:: WHAT YOU WILL DO ::
The reply is to contain the full listing, repeated exactly, with pictures left out.

:: PROVIDED MATERIAL ::
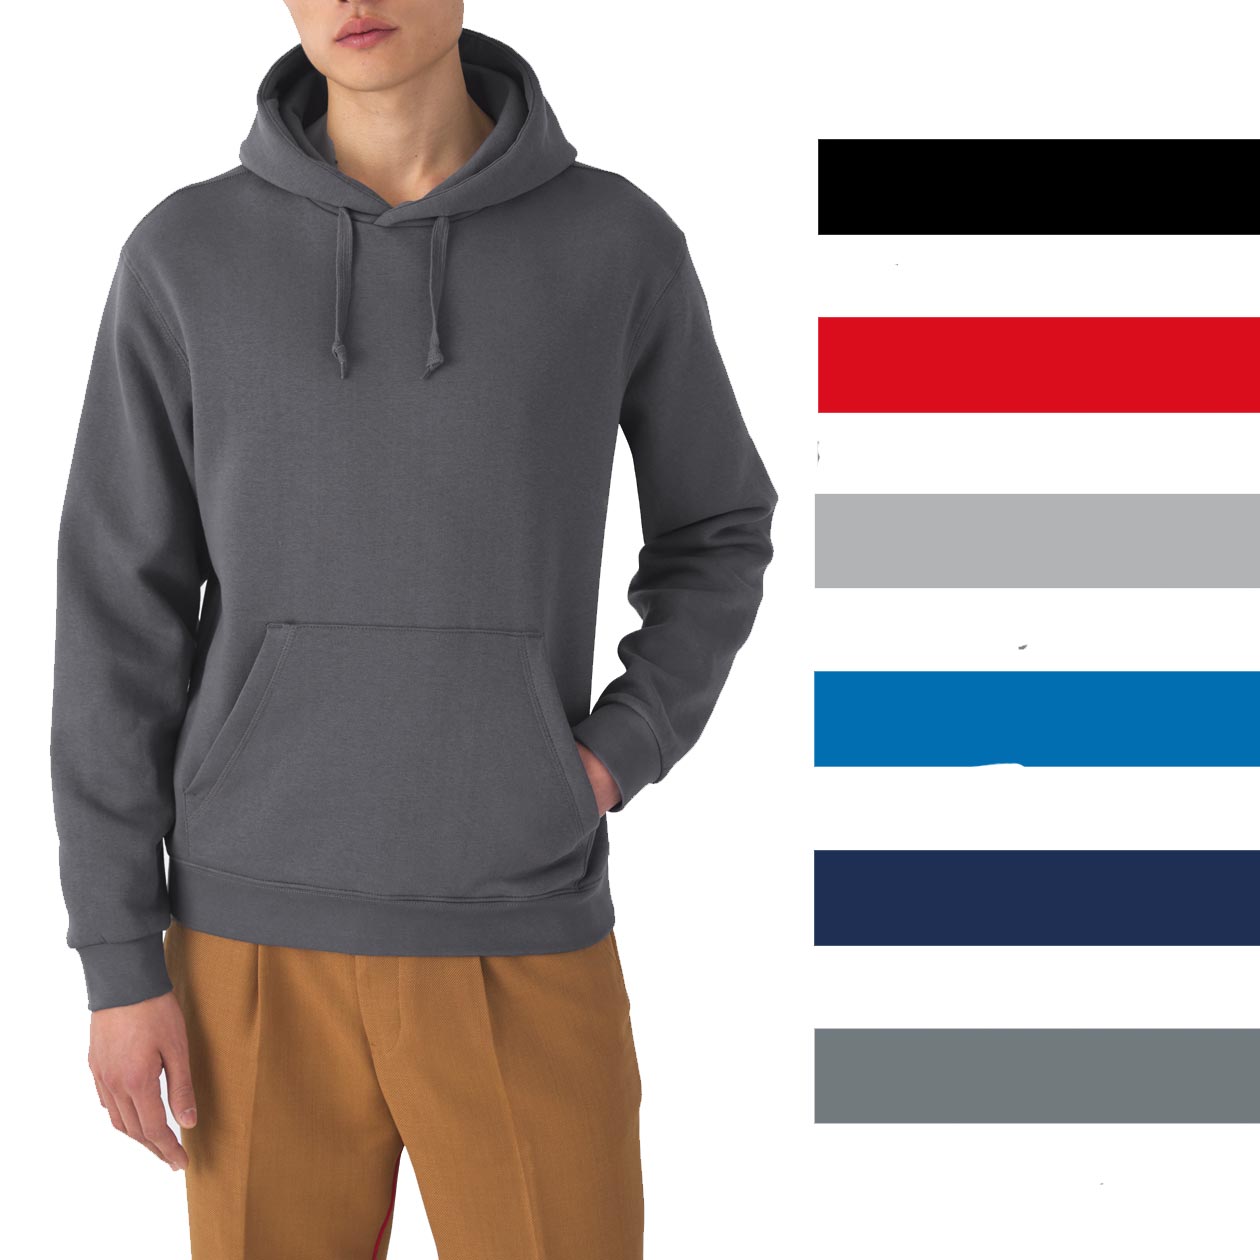 100% Baumwolle marine oder steelgray Sweatshirts in Premium Qualität 320g 
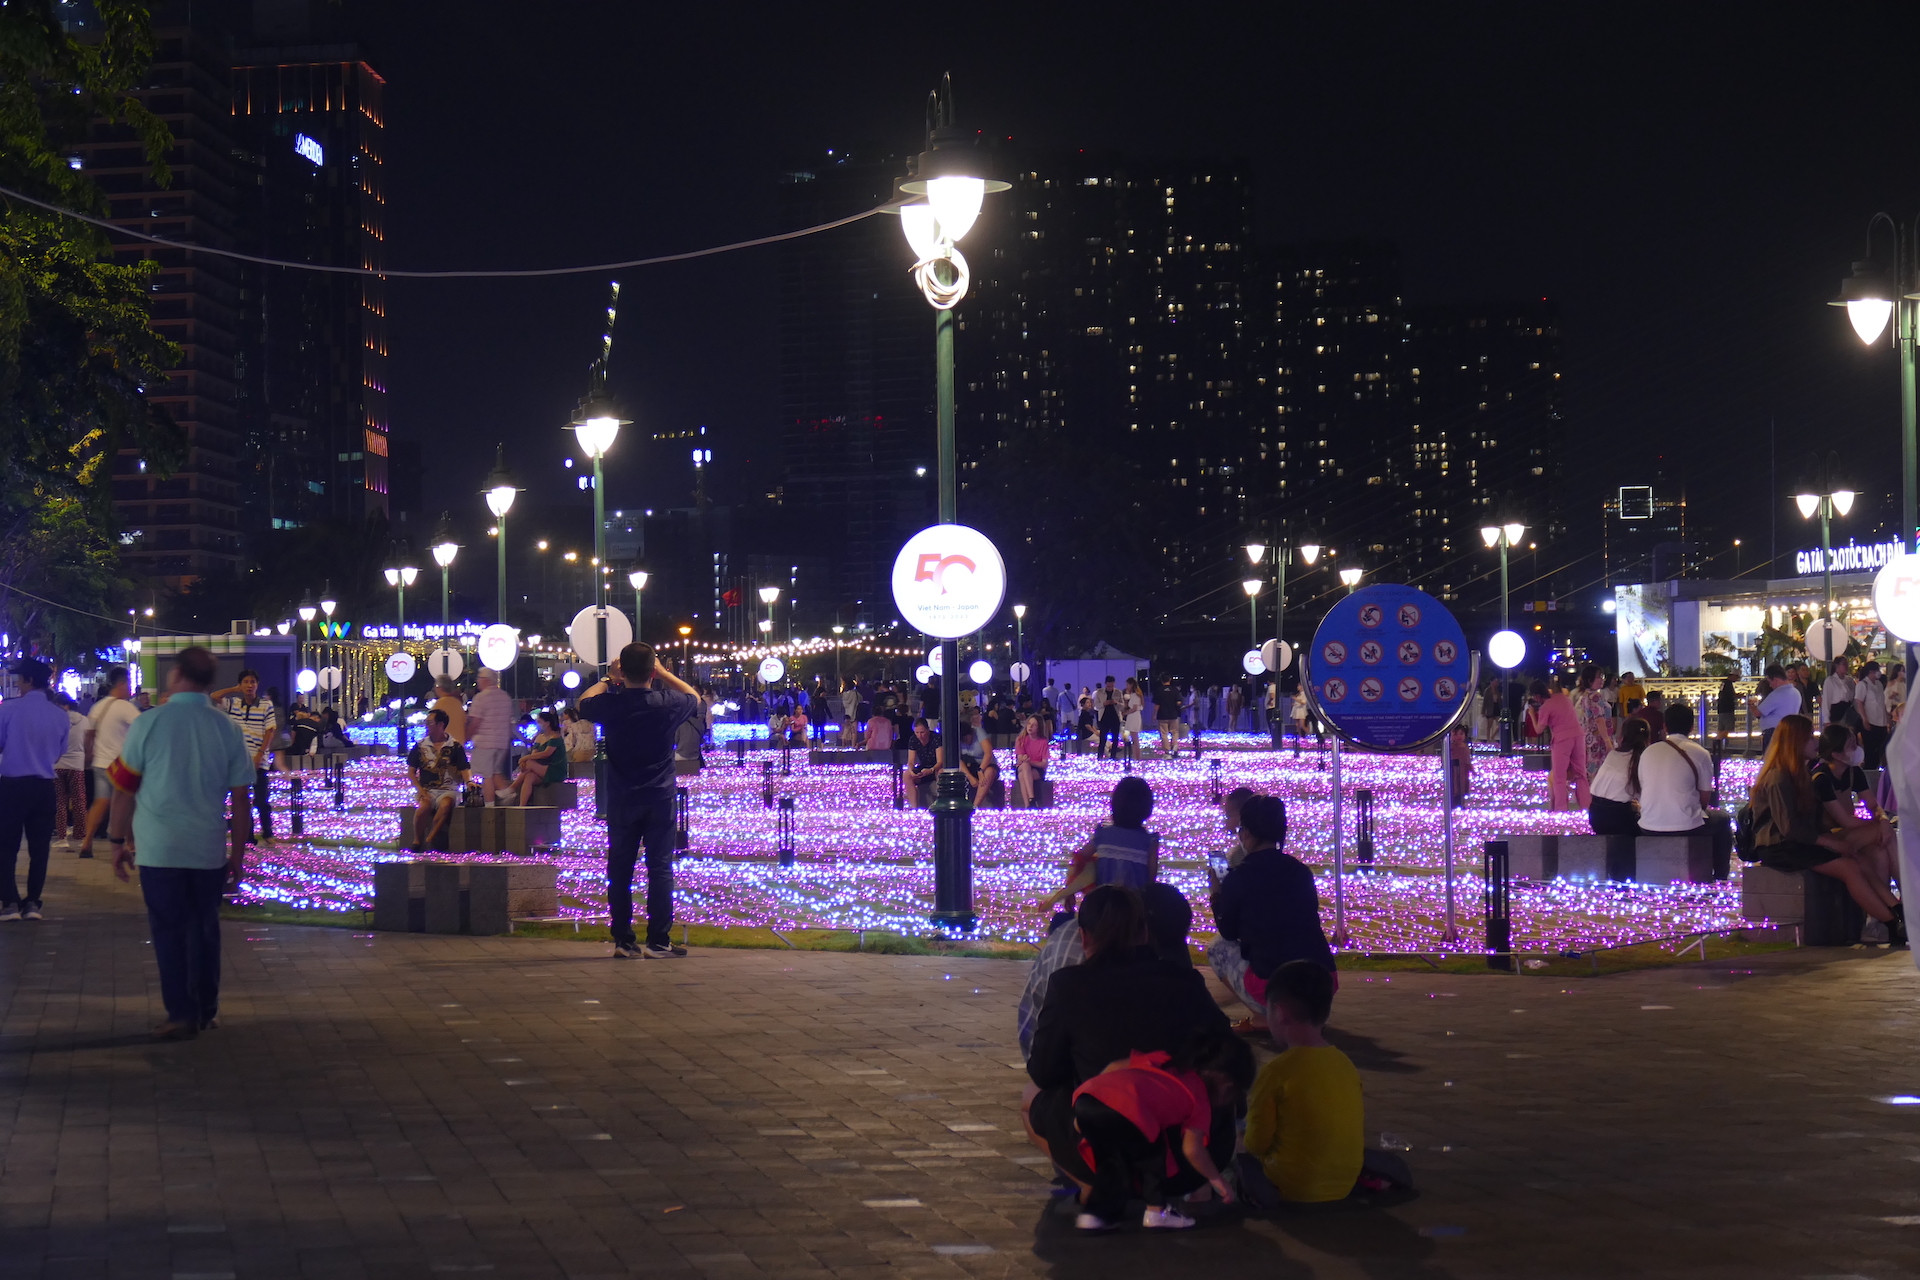  Ấn tượng với hoạt động trang trí đèn nghệ thuật kỷ niệm 50 năm quan hệ Việt – Nhật
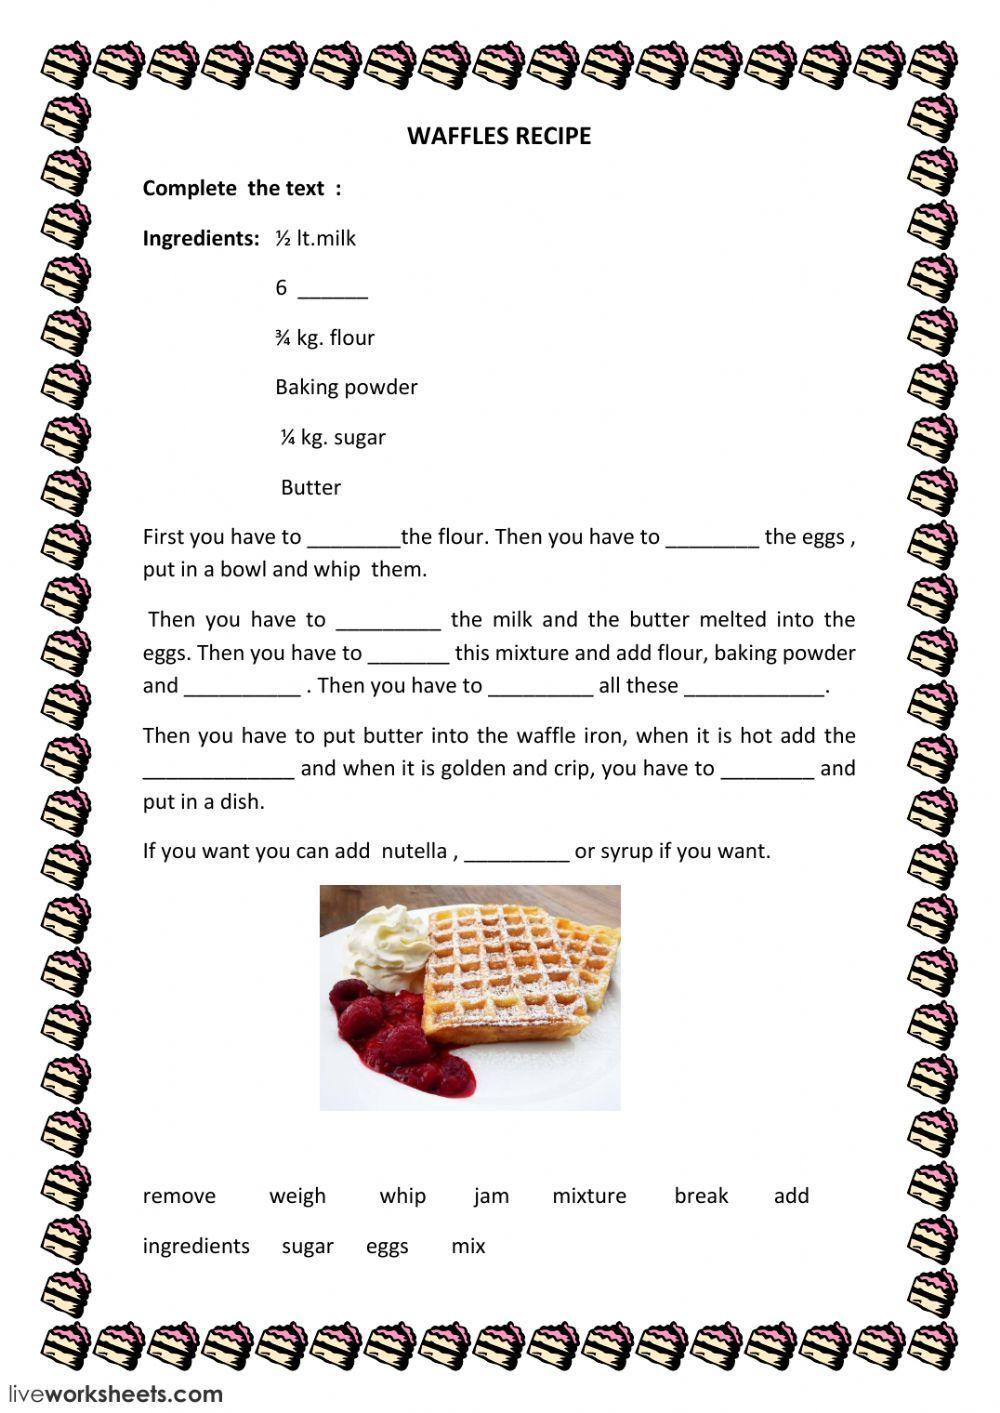 waffles recipe
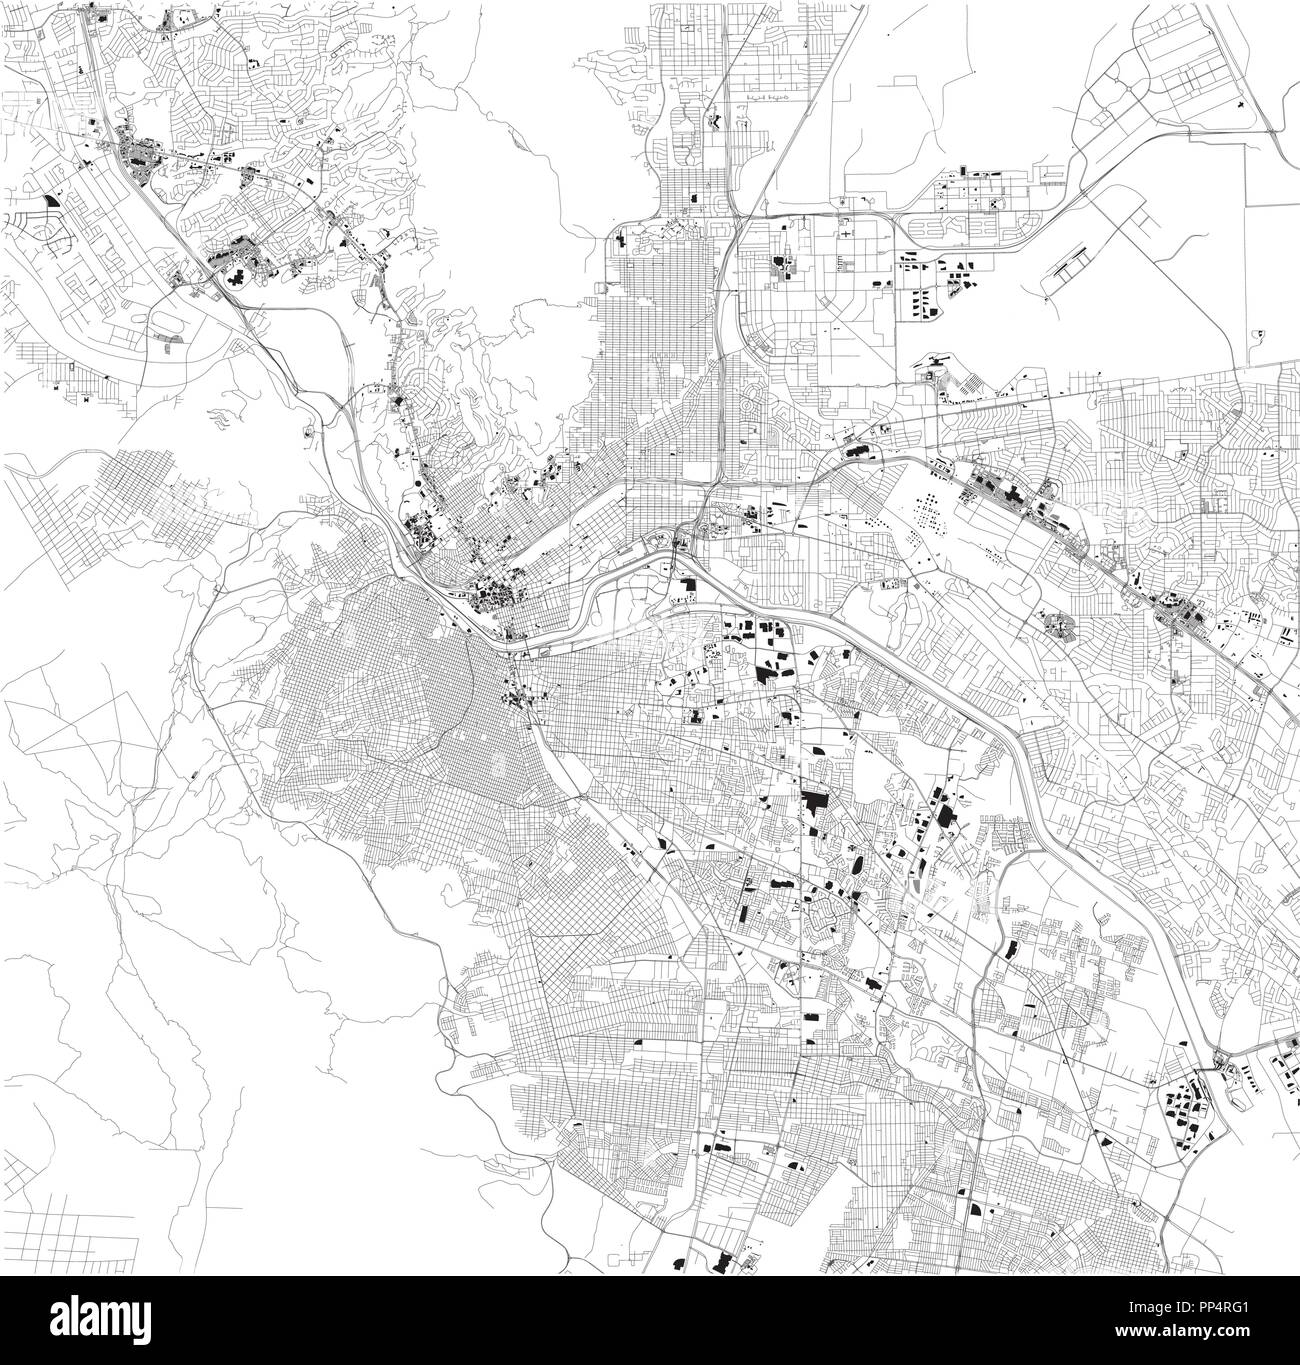 La carte d'El Paso, Ciudad Juarez, satellite, carte en noir et blanc. Annuaire de la rue et plan de la ville. Le Texas. United States Illustration de Vecteur

:: ANSWER AREA ::
 100% Baumwolle marine oder steelgray Sweatshirts in Premium Qualität 320g 
  Ấn tượng với hoạt động trang trí đèn nghệ thuật kỷ niệm 50 năm quan hệ Việt – Nhật
 waffles recipe
 La carte d'El Paso, Ciudad Juarez, satellite, carte en noir et blanc. Annuaire de la rue et plan de la ville. Le Texas. United States Illustration de Vecteur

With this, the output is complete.